Lucas Martell, director of Walkabout Mini Golf, said the Meow Wolf course “will be much more of an experience,” admitting the company is starting to grow with more experimental designs that are starting to become more like hour-long group outings, as opposed to a simple sport.

Although Walkabout is a virtual reality game, the company has also released a phone-based version that will use augmented reality, like this: Courses can be seen from the phone’s screen, and swings happen by moving your phone like a real player . The phone version comes before Meow Wolf’s run, meaning more people could try it out.

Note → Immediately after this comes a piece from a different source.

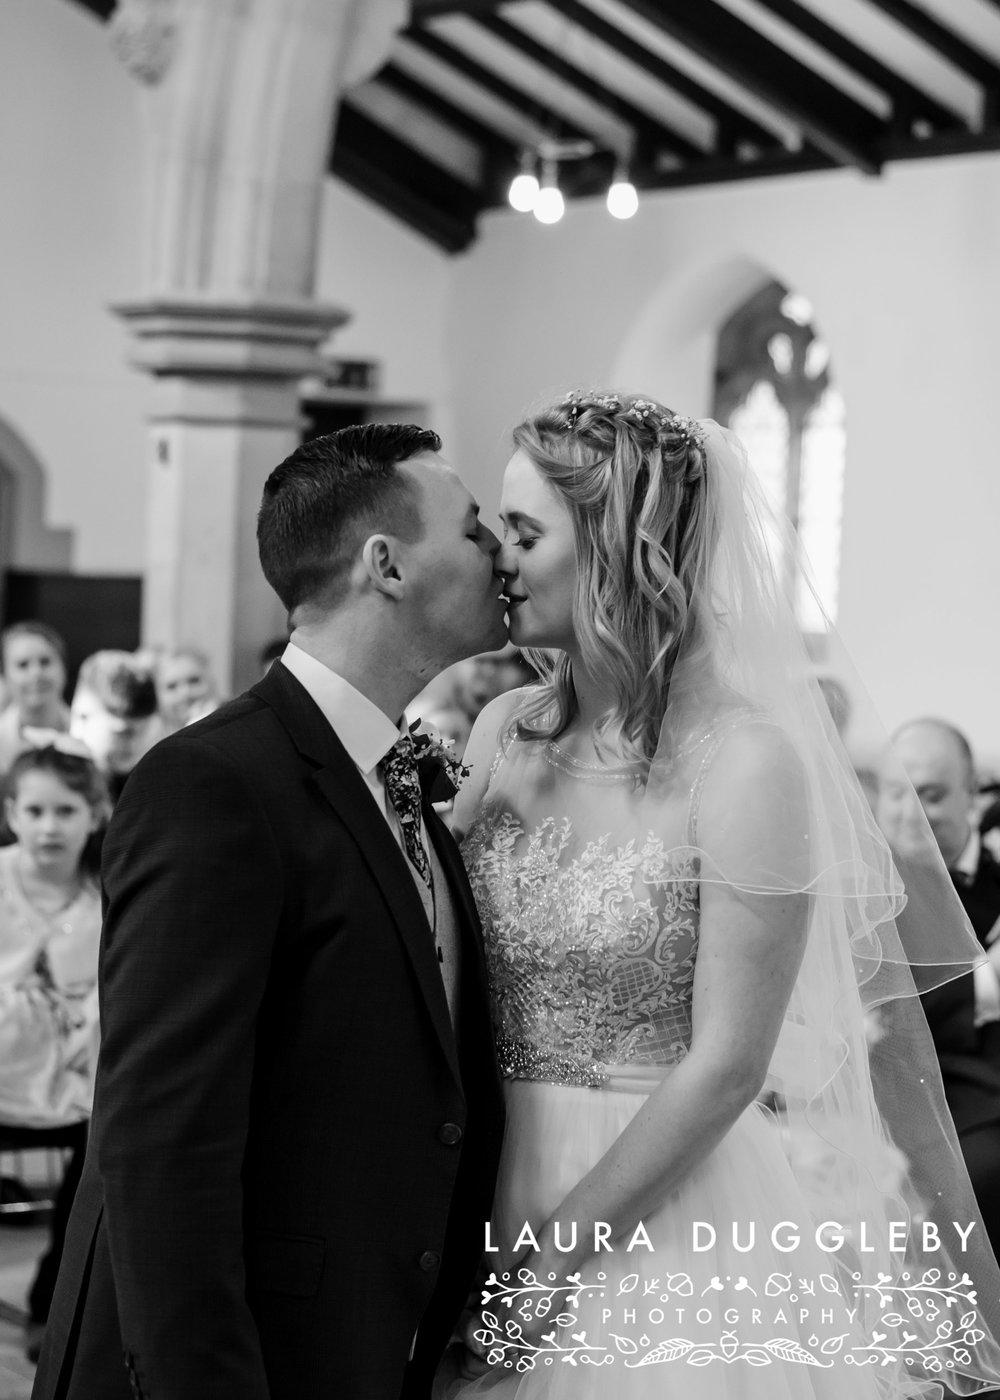 Mawdesley Village Hall - Lancashire Wedding Photographer - Laura Duggleby Photography4

“The irony is that a lot of people who play probably haven’t even been to a real Meow Wolf,” Martell said. Considering that Meow Wolf is still an organization that some people haven’t heard of, let alone seen, a little mini golf game like Walkabout could be an opportunity to open awareness to a bunch more people. As someone who’s been lucky enough to see the real Meow Wolf grounds, I’m looking forward to visiting a little virtual piece of it in my own home.

Meow Wolf’s course isn’t available until later this year, but I’m looking forward to playing it with some friends. We could explore these strange spaces together in VR as we talk, just as we would in the real world.